Grandes empresas conseguem emplacar indicações para assentos que cabem a faculdades e institutos de pesquisa em grupos de trabalho da agência reguladora, que opta pelo silêncio
A indústria de alimentos tem ocupado assentos que caberiam a universidades e institutos de pesquisa em colegiados da Agência Nacional de Vigilância Sanitária (Anvisa). Embora disponham de lugares próprios, as empresas têm tido sucesso na estratégia de contar com pesquisadores alinhados, conseguindo influenciar na definição da agenda e das normas da agência reguladora. Graças a isso, o setor econômico chega a ter maioria em alguns espaços, em especial nos grupos de trabalho que fornecem subsídios à formulação de políticas públicas. E nós com isso? Os temas debatidos pela Anvisa têm incidência direta na saúde da população.
Essa relação vem de longa data, mas há sinais de que tem se fortalecido com o passar dos anos. O principal representante da indústria nos assentos da comunidade acadêmica é o International Life Sciences Institute (ILSI), criado em 1978 pela Coca-Cola. “O ILSI Internacional e o ILSI Brasil acreditam que o fórum científico é um fórum neutro e é o único fórum que pode dar respostas seguras para uma população que necessita de uma contribuição científica”, defendeu o diretor-presidente do ILSI, Ary Bucione, na entrevista que nos concedeu. A organização aberta nos Estados Unidos hoje conta com 17 regionais espalhadas pelo mundo, sempre buscando a interface entre ciência, indústria e governo. No Brasil, são quase 40 empresas patrocinadoras, entre elas Coca-Cola, Nestlé, Danone, Ajinomoto, Basf, Cargill, Pepsico, Unilever e Kellogg’s.
Revisamos mais de uma centena de atas de reuniões de grupos de trabalho na Anvisa. Entrevistamos dezenas de pessoas. Lemos o material científico apresentado por pesquisadores e diretamente pela indústria para embasar a tomada de decisão. E não encontramos nenhuma divergência relevante entre as posições das empresas de alimentos e do ILSI – e também de alguns professores com trabalhos financiados pelo setor privado. Pelo contrário, a convergência é constante. Não só isso, mas também o histórico de relações entre ciência, setor privado e agenda regulatória no mundo todo permite levantar interrogações sobre os efeitos desse processo.’
O ILSI é dividido em forças-tarefa, cada uma sobre um tema, nas quais integrantes de universidades e institutos de pesquisa dividem espaço com representantes das empresas.
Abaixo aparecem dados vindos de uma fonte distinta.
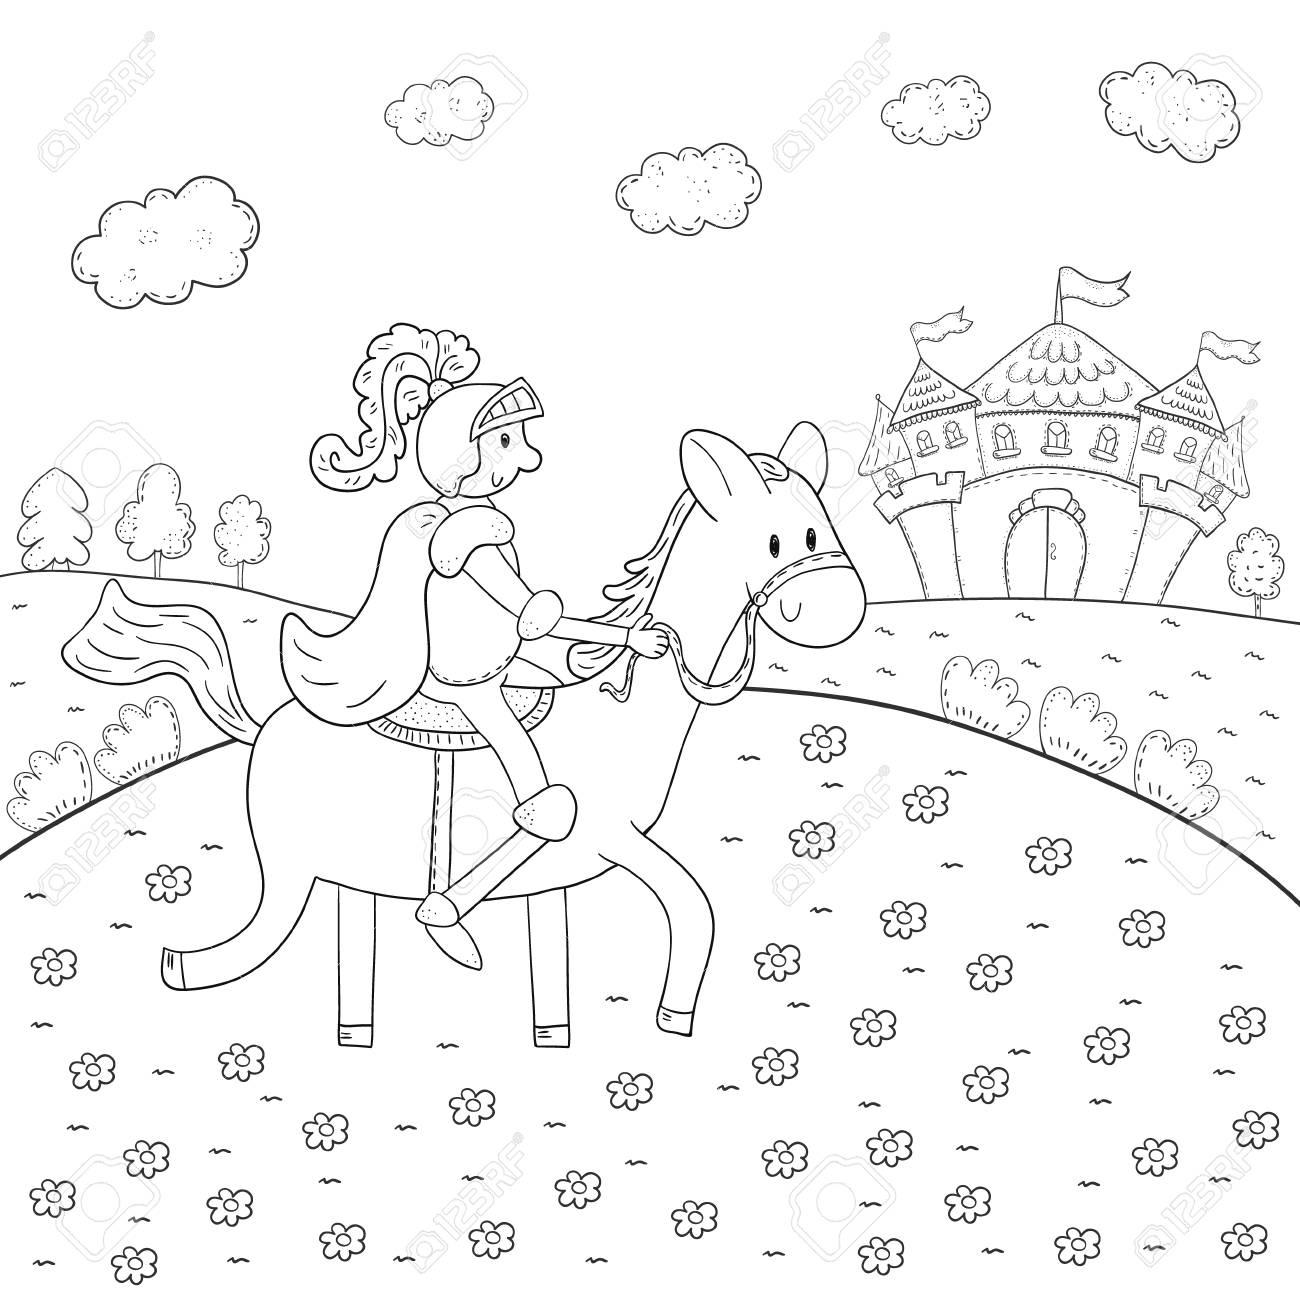 Coloriage Chateau Cheval.Livre A Colorier Chevalier A Cheval Et Conception De Chateau Magique

O instituto alega que essa composição veda a manipulação de resultados em favor de interesses privados, já que a área científica sempre tem maioria. E também diz que é proibido fazer lobby, embora admita promover advocacy, que é a influência sobre o poder público por organizações da sociedade, aqui entendida num caráter bem amplo – apresentando-se como “entidade sem fins lucrativos”, o ILSI, em tese, se encaixa nessa definição.
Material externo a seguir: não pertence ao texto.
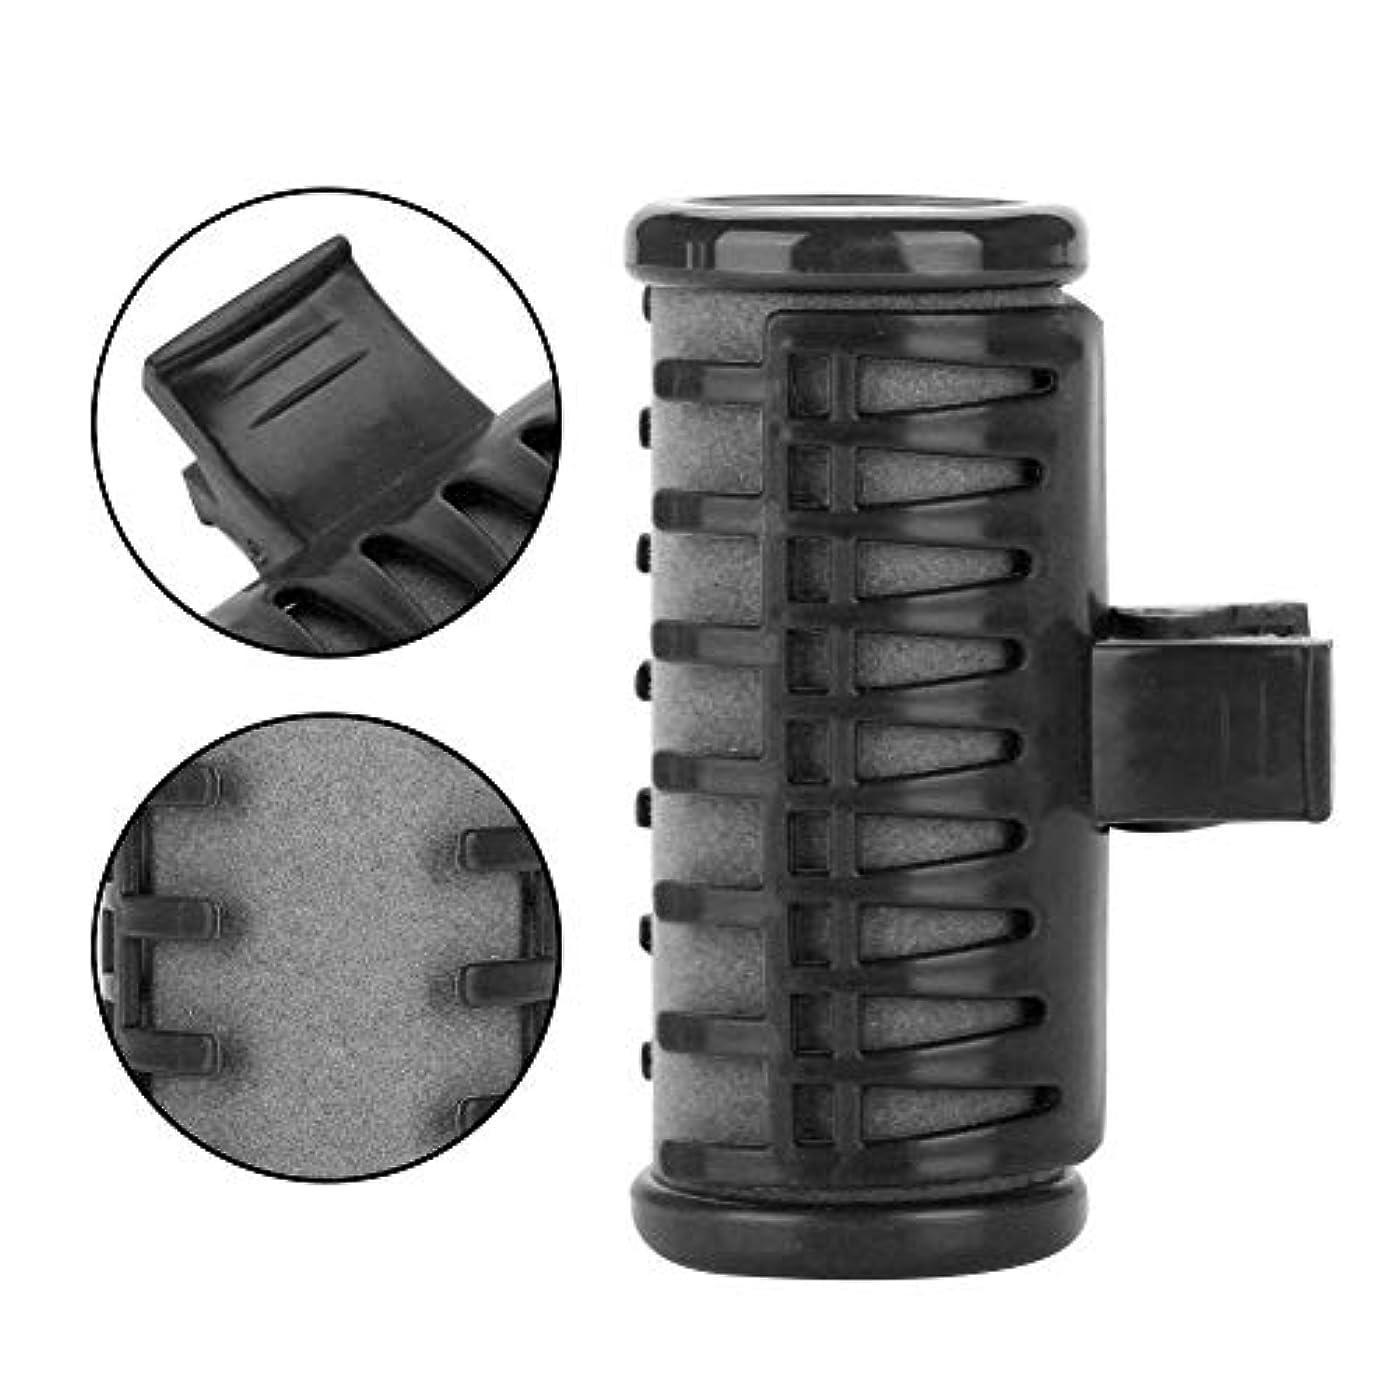 上流の倉庫伝記充電式ヘアカーラーローラー USB ワイヤレスホットヘアローラーシースルーバングスヘアスタイラーミニヘアカーラー(ブラック)

O congresso anual da organização contou em 2017 com a participação de um diretor da Anvisa pela primeira vez. Fernando Mendes Garcia Neto criticou “modismos alimentares” que, segundo ele, prejudicam a saúde da população, fazendo eco ao escopo argumentativo da indústria de ultraprocessados. “Sejamos participativos e propositivos em prol da construção de uma linha de atuação que nos permita estabelecer um mínimo de ordenamento regulatório que possa seguir em alinhamento com a evolução tecnológica desses produtos de forma a permitir, no menor tempo possível, a comercialização deles em situação que garanta eficácia e segurança no uso”, afirmou Garcia Neto.
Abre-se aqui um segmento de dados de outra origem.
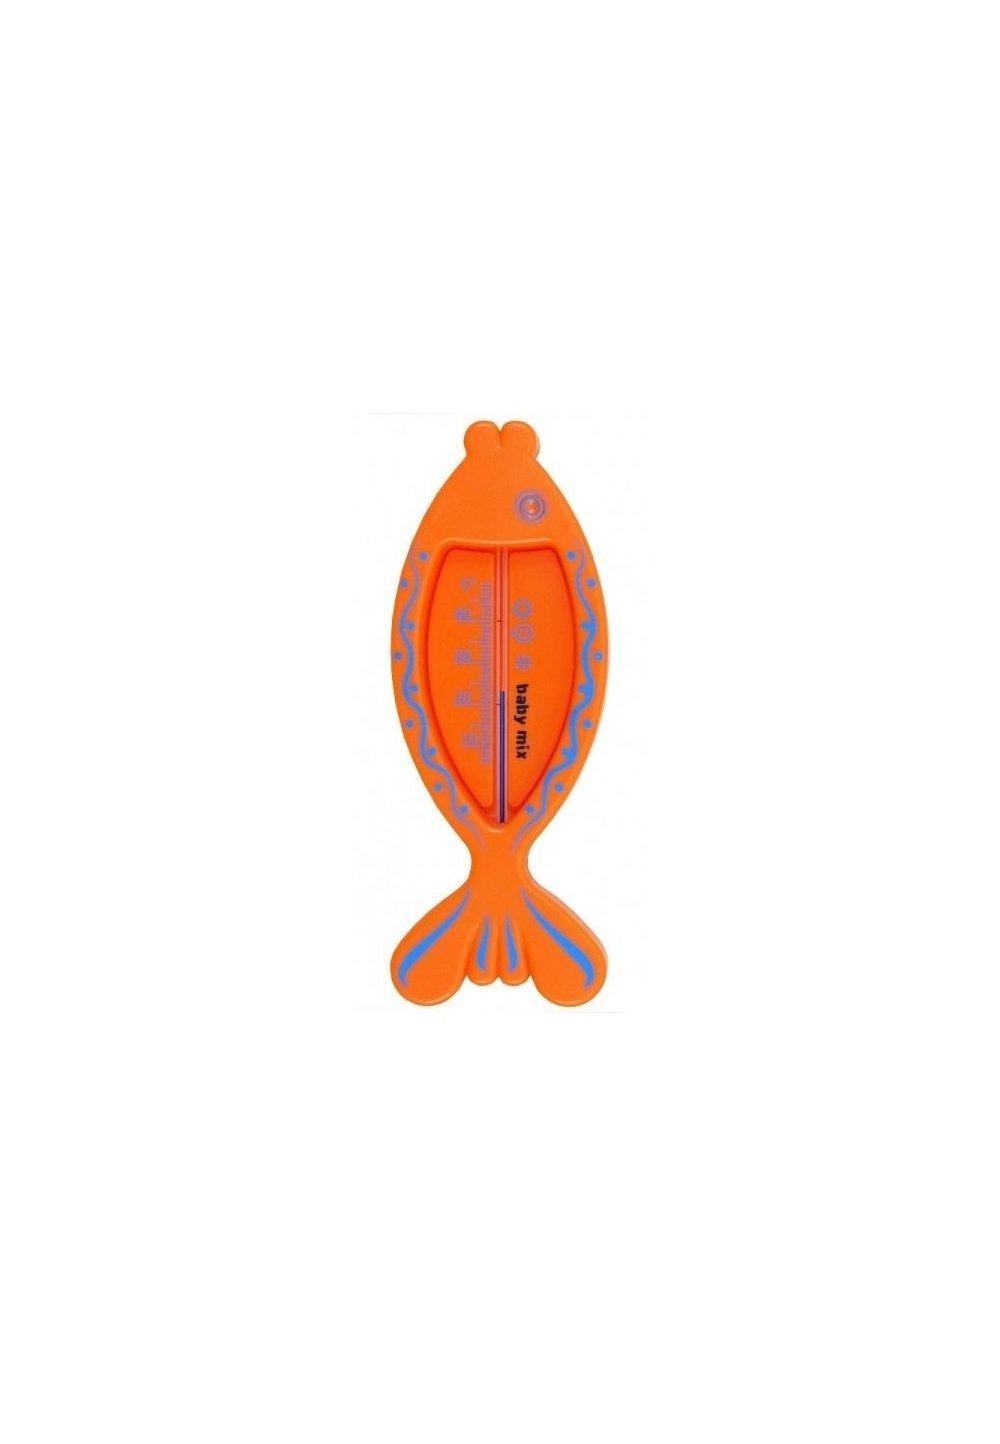 Termometru pentru baie, pestisor portocaliu imagine

O ILSI e outras organizações próximas à indústria têm trabalhado para agilizar processos dentro da Anvisa, especialmente no que diz respeito a novos produtos. Como a indústria investe forte em inovação, está sempre alguns passos à frente da agenda regulatória e da pesquisa acadêmica. Sempre que se pronuncia publicamente, Bucione enfatiza que o ILSI é uma organização científica. Porém, em algumas reuniões da Anvisa o instituto se faz representar por funcionários de empresas, inclusive Bucione, que é da DuPont, fabricante de ingredientes fornecidos à indústria de alimentos.
Aldo Baccarin, ex-Kraft Foods e presidente do ILSI de 2001 a 2015, representou o instituto no Grupo de Trabalho para Auxiliar na Elaboração de Critérios para Seleção dos Alimentos Passíveis de Veicularem Alegações e para Definir as Alegações de Função Plenamente Reconhecidas. “O ILSI é uma organização abstrata”, Baccarin nos respondeu, e fez um raro momento de silêncio durante a mais de uma hora de conversa realizada em agosto. “Sim, a gente manda as pessoas que têm o melhor nível de conhecimento, e sempre vão assessorados por alguém da ciência. Eles têm que tomar muito cuidado para, se ficar em qualquer momento claro que está tendo um conflito de interesses, essas pessoas têm que se abster e pular fora.”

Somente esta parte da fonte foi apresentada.